Im September 2017 dauerte es fünf Minuten. Danach stand fest: Ignazio Cassis wurde Aussenminister, er übernahm den Posten seines Vorgängers Didier Burkhalter. Die anderen Regierungsmitglieder blieben, wo sie waren.

Dieses Mal ist es anders. Um die zwei Stunden sassen die Mitglieder des Bundesrats Ausgabe 2019 am Freitag im Bundeshaus West zusammen. Die fünf bisherigen und die beiden neugewählten Bundesrätinnen Viola Amherd (CVP) und Karin Keller-Sutter (FDP). Aber es gelang ihnen nicht, die durch die Rücktritte von Doris Leuthard (CVP) und Johann Schneider-Ammann (FDP) frei werdenden Departemente für Infrastruktur (Uvek) und Wirtschaft (WBF) einvernehmlich zu verteilen. Obwohl Bundespräsident Alain Berset (SP) zahlreiche Vorgespräche führte.

Berset war zwar bemüht, den Ball flach zu halten. Von einer «ersten Diskussion» sprach er am Freitag, die Zeit habe nicht für mehr gereicht. «Wir werden diese Diskussion nächste Woche weiterführen.» Aber klar ist: Für mindestens eines der Departemente interessiert sich mehr als eine Person, und keine gab bisher nach. Zwar könnte der Bundesrat die Departemente per Abstimmung verteilen, aber das soll verhindert werden.

2010 kam es zum Krach

Berset will nicht den gleichen Fehler machen wie 2010 Bundespräsidentin Doris Leuthard.
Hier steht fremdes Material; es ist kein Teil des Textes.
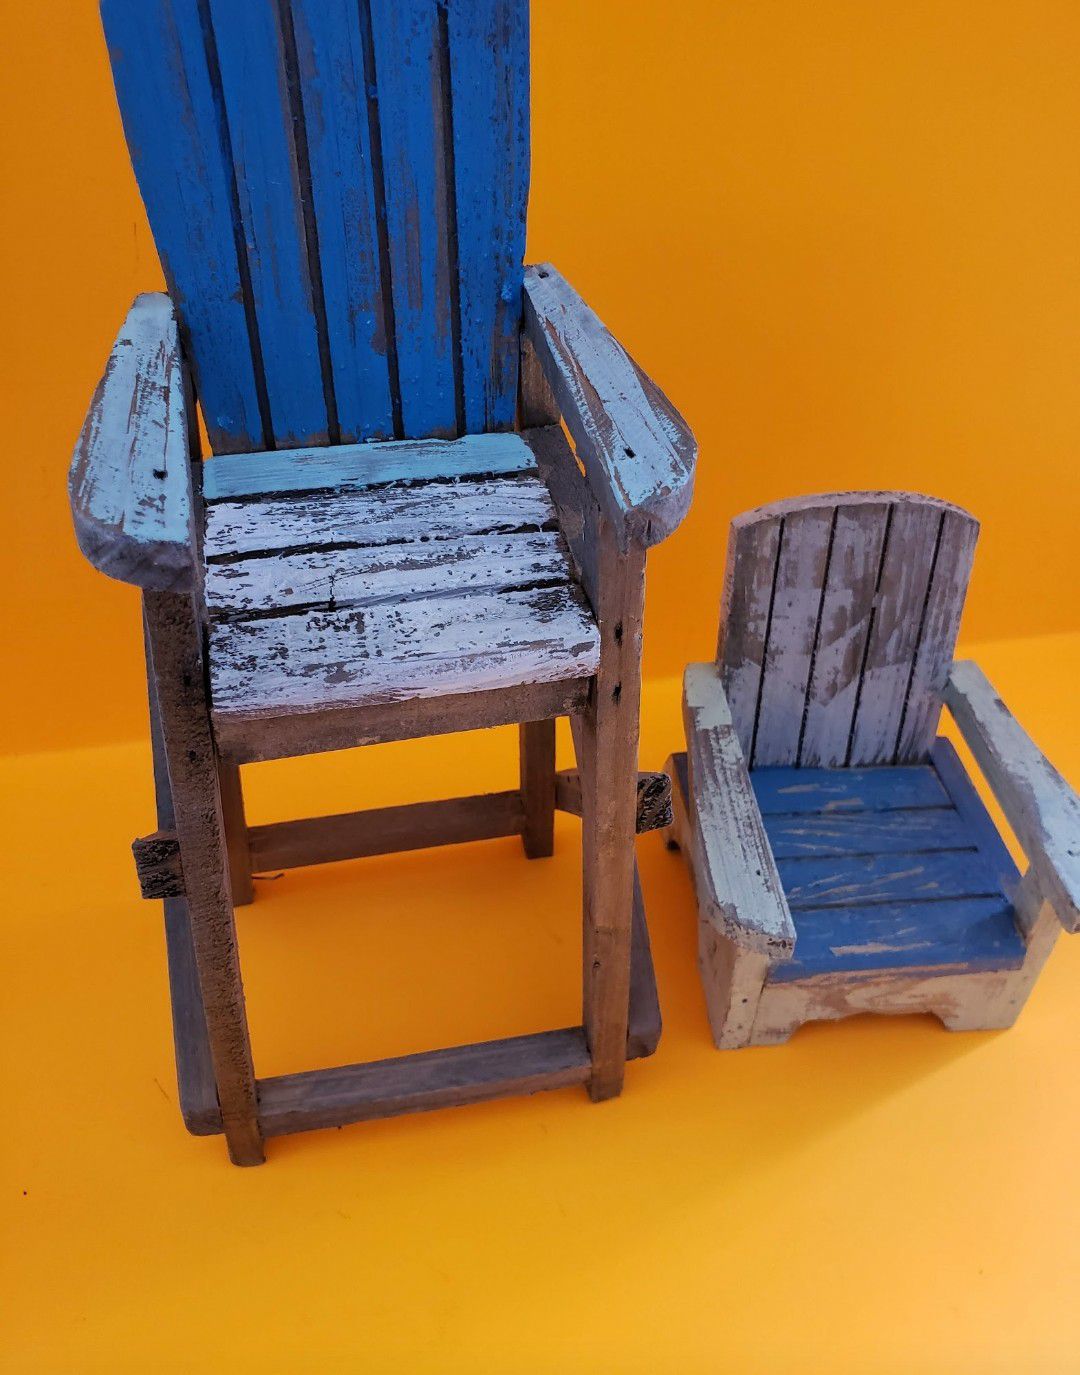 New nautical decor wood chairs fro shelf decor

Die von ihr geleitete Departementsverteilung führte zum grossen Krach. Die damals neugewählte Nicht-Juristin Sommaruga, die eigentlich das Uvek ihres Vorgängers Moritz Leuenberger wollte, wurde ins Justizdepartement verbannt. Stattdessen ging Leuthard ins Uvek, und Eveline Widmer-Schlumpf in die Finanzen.

Dass die Verteilung auch heuer schwierig wird, war seit Tagen klar. Das Hauptproblem könnte sein: Verteidigungsminister Guy Parmelin (SVP) will wechseln. Offen erhob er Anspruch auf das Wirtschaftsdepartement WBF, auch mit dem Uvek könnte er sich offenbar anfreunden. Aber Parmelins Gelüste stossen auf Widerstand. Der Waadtländer SVP-Mann solle seine angefangene Arbeit im VBS (etwa die Beschaffung neuer Kampfjets) vollenden, finden andere Bundesräte. Zudem heisst es, die FDP wolle das WBF nicht weggeben.

Zwar können laut Anciennitätsprinzip die Dienstältesten zuerst sagen, welches Departement sie möchten. Die Reihenfolge ist: Ueli Maurer, Simonetta Sommaruga, Alain Berset. Parmelin kommt erst an vierter Stelle, es folgen Cassis, Amherd und Keller-Sutter. Aber das Prinzip funktioniert nur, wenn nicht zwei das gleiche Departement wollen. Im Extremfall muss die Regierung per Mehrheitsentscheid befinden, wer wo regieren darf.

Niemand scharf auf das VBS

Finanzminister Maurer will nicht mehr wechseln, aber Berset und Sommaruga zeigen Interesse an den vakanten Departementen Uvek und WBF. Wobei es letzte Woche eher so aussah, als würde Berset seine Interessen zurückstellen, weil er als Bundespräsident für die neutrale Verteilung der Departemente besorgt sein will.

Einiges deutete am Freitagabend darauf hin, dass der Bundesrat tatsächlich eine Verteilung nach Anciennität begann, dass man Parmelin also wechseln liess. Was gemäss einem Beobachter zur Folge hatte, dass am Schluss für die beiden Neuen notabene das VBS übrig blieb. Aber keine, so das Gerücht, wollte das Militär übernehmen.

Wie 1995 Adolf Ogi?

Wie auch immer: Vielleicht wiederholt sich ein Drama, bei dem bereits einmal das Militärdepartement im Mittelpunkt stand. 1995 wechselte Infrastrukturminister Adolf Ogi (SVP) unter grossem Druck der Kollegen und der Parteien ins ungeliebte EMD. Bundespräsident Kaspar Villiger redete ihm unter vier Augen lange zu, und am Schluss lenkte Ogi ein. Er sagte: «Ich habe mich für die Kollegialität des Bundesrates entschieden. Spätestens zu Weihnachten soll das Volk wieder Vertrauen in den Bundesrat haben.»